Assessment Based on Intended Clinical Use

The end purpose of auto-contouring in radiation oncology is that those auto-contours are used in the clinic for treatment planning. To this end, the best form of assessment is to understand the impact that their use would have on clinical practice. Ideally, one would study the impact on patient outcomes since this is the endpoint for assessment of any intervention. It may be argued that such an assessment would be pointless anyway since auto-contours should be checked and approved before use in treatment planning. However, it is known that having an auto-contour as a starting point improves consistency between manual observers [32], therefore auto-contouring will be having some impact on the treatment plan and thus the patient outcome. However, contouring is very early in the treatment planning processes, and other steps are likely to obscure any meaningful observation of differences in patient outcome that can be attributed only to the difference in contouring methodology.

Evaluation of Time Saving

If contours are to be edited following auto-contouring, as some have deemed inevitable [33], then the benefit of auto-contouring is in reducing the contouring time required as far as possible. Thus, it follows that evaluating the time saving to get to an acceptable clinical contour is a good way to quantify the clinical impact of using auto-contouring. Correspondingly, this is the most common approach used for clinical benefit assessment, as observed in Table 15.1.

Most studies follow the same pattern; the structures for a set of patients are first manually contoured, with the time taken for manual contouring being recorded.

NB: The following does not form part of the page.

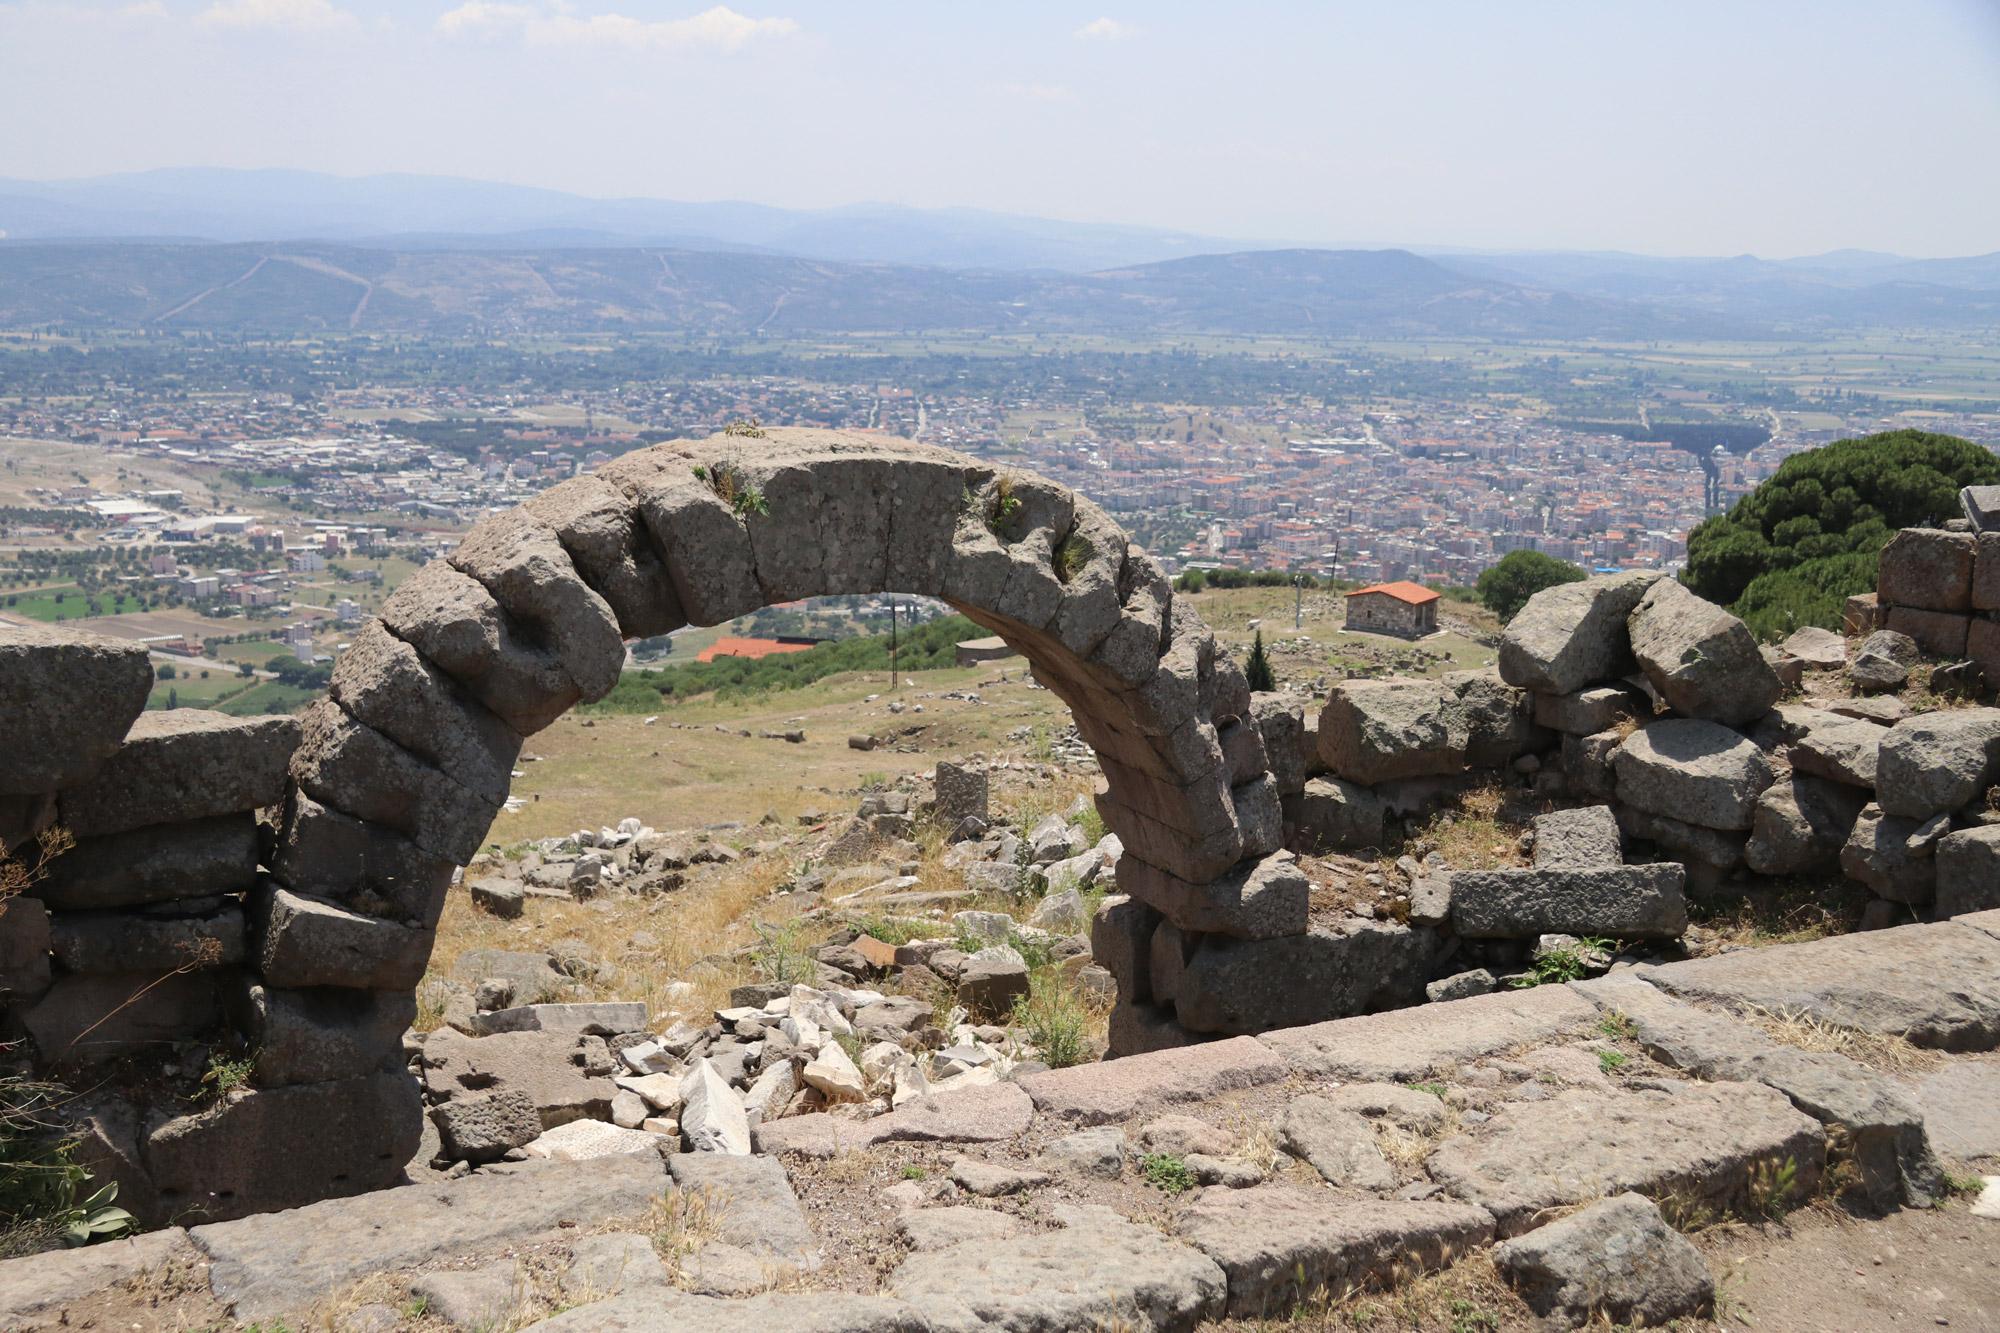 Turkije reisverslag: Bergama en Ayvalik - Uitzicht op de nieuwe stad van Bergama

Subsequent to this, an auto- contouring method is applied to the same set of patients, and the auto-contours are edited to an acceptable standard, with the time taken for this step also recorded.

Challenges for Study Design

To evaluate contouring time inherently takes time. As mentioned previously, the clinicians time is valuable, therefore, to ask them to contour the same cases twice only for evaluation purposes represents a barrier to performing a large assessment. Consequently, the size of study tends to be small, with the largest study listed in Table 15.1 only considering evaluation on 27 patients [34].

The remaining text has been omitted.